INFORMATION PROVIDED:
* * * *

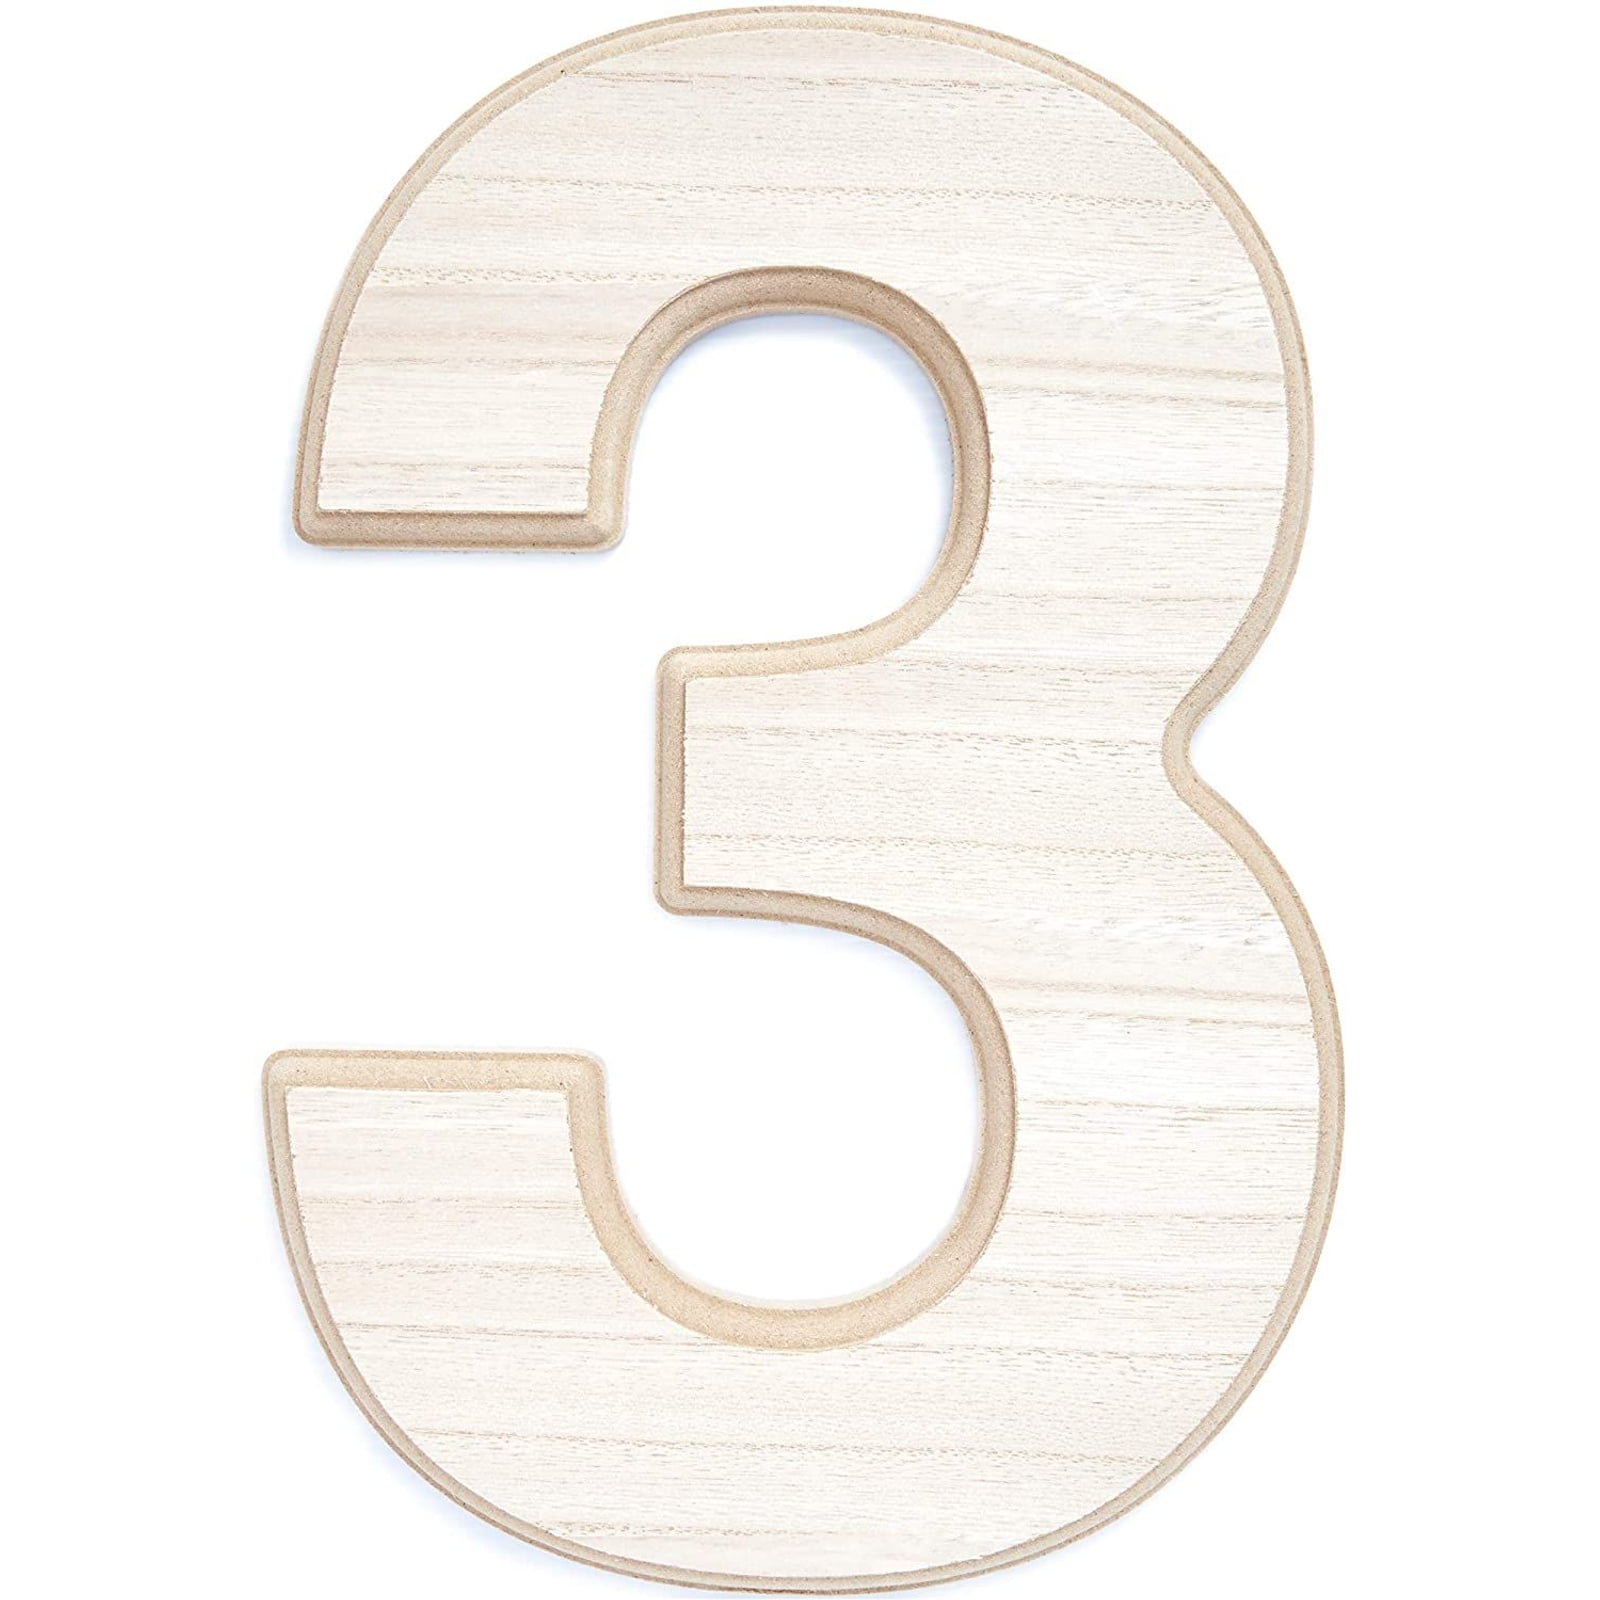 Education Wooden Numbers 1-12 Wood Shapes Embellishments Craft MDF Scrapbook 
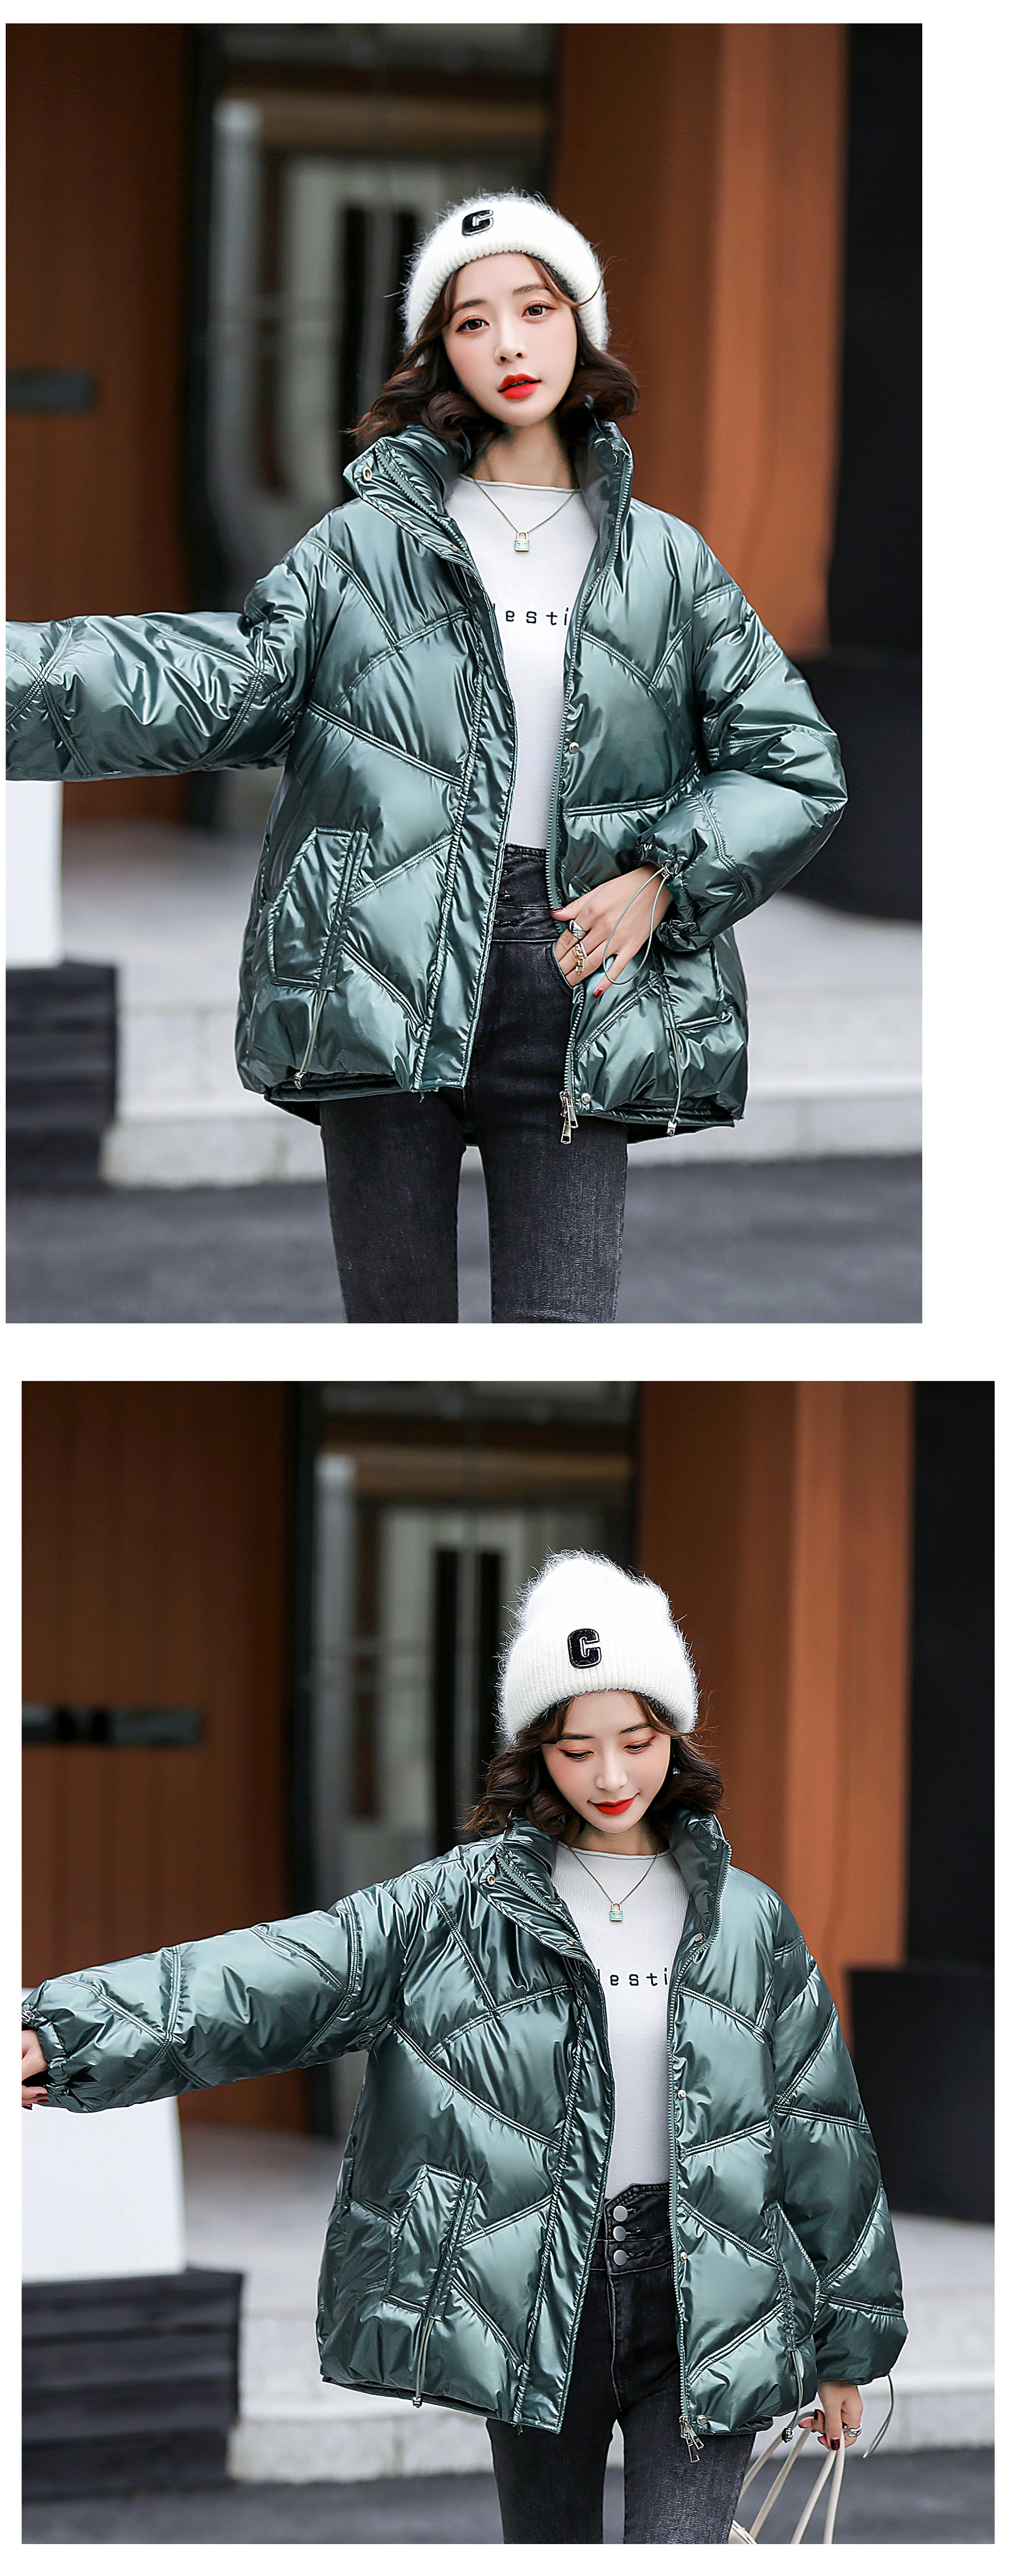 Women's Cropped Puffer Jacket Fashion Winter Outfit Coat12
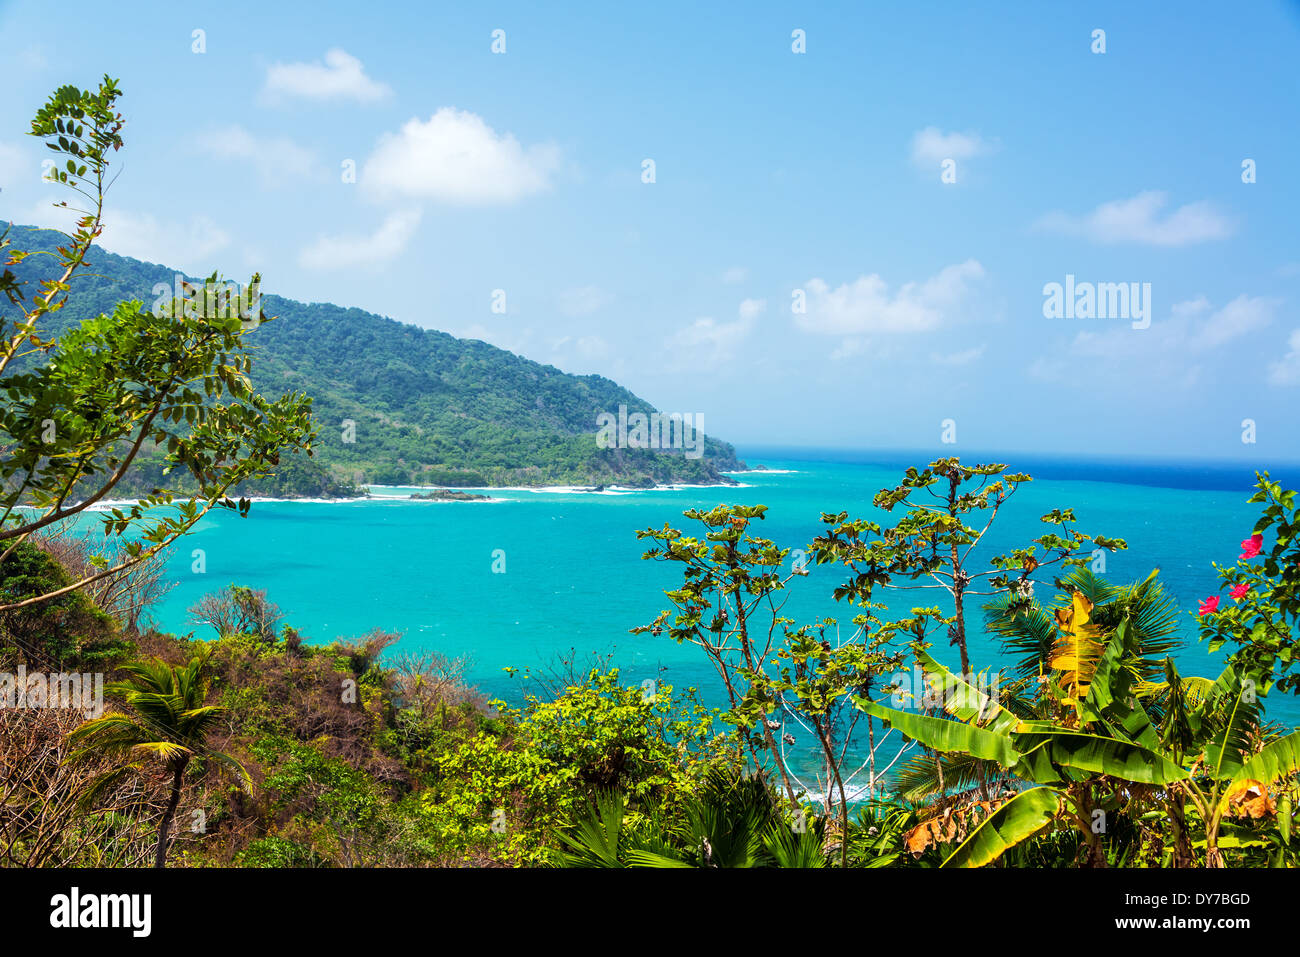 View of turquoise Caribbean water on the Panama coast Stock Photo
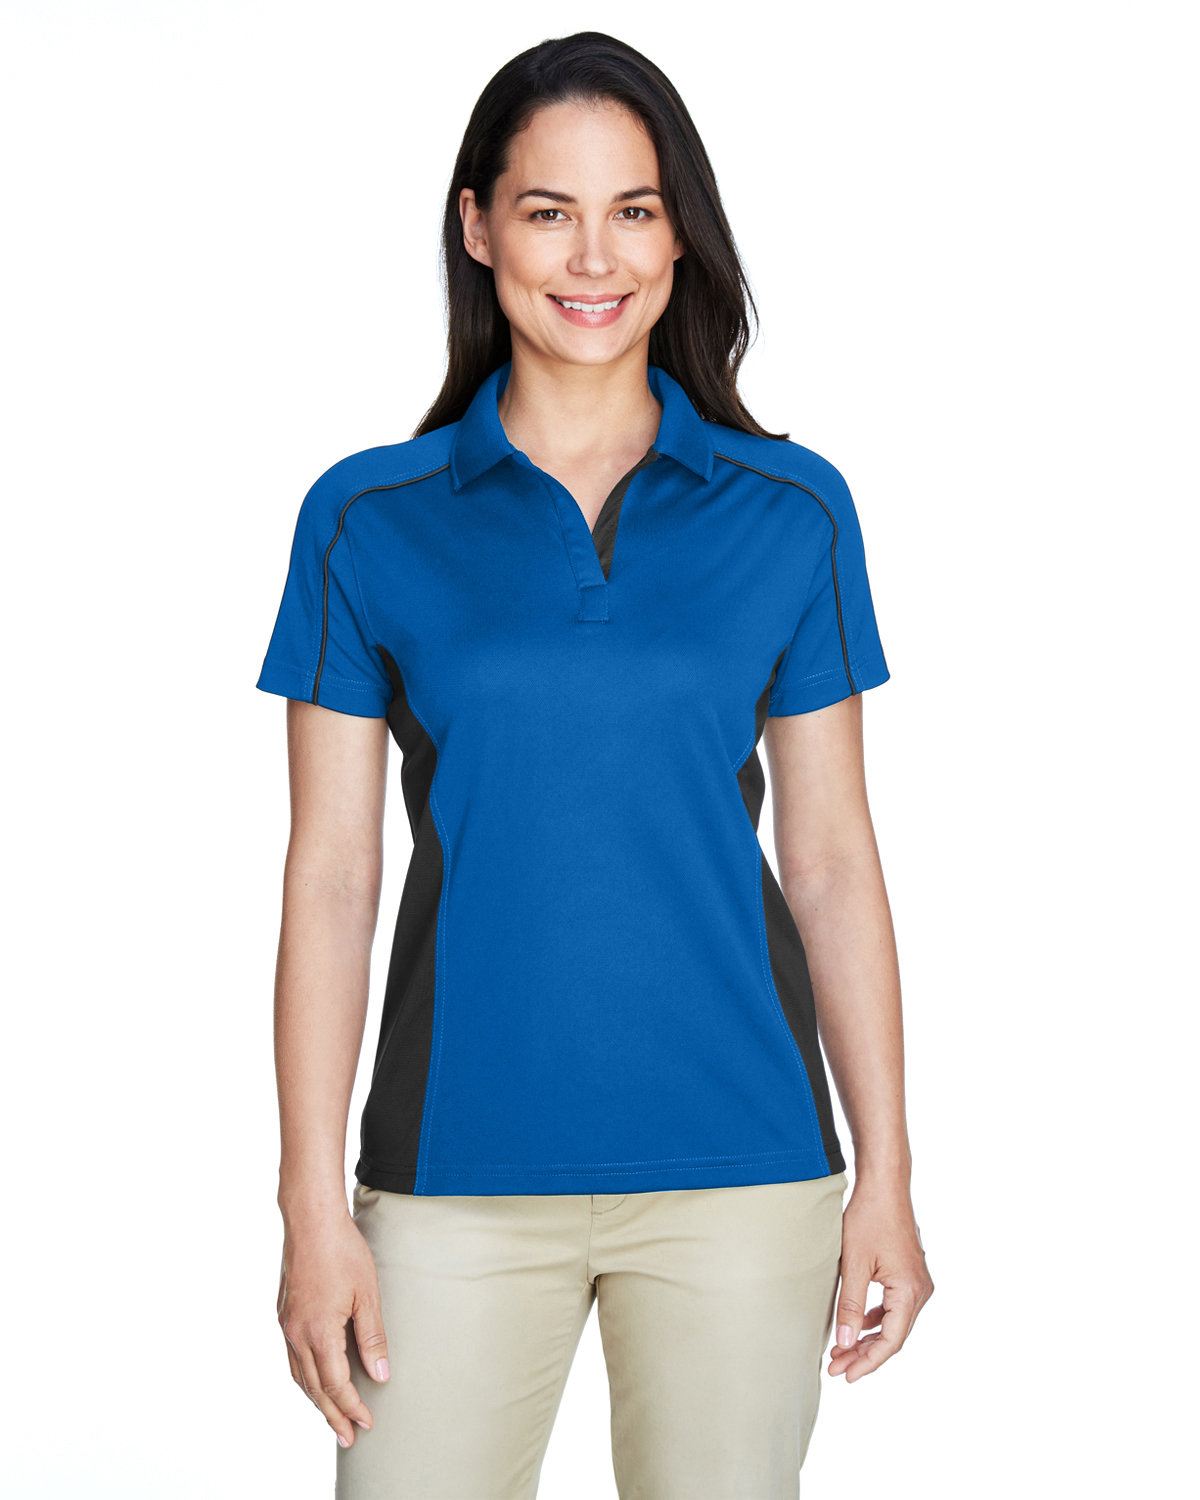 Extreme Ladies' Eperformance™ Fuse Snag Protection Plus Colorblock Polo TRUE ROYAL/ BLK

* * * *

YOUR TASK:
Leave out the pictures, then reproduce exactly the run of lines from the one that contains "Women's Cropped Puffer" to the final line of the listing above.

RESULT FOR THIS EXERCISE:
 Women's Cropped Puffer Jacket Fashion Winter Outfit Coat12
 View of turquoise Caribbean water on the Panama coast Stock Photo
 Extreme Ladies' Eperformance™ Fuse Snag Protection Plus Colorblock Polo TRUE ROYAL/ BLK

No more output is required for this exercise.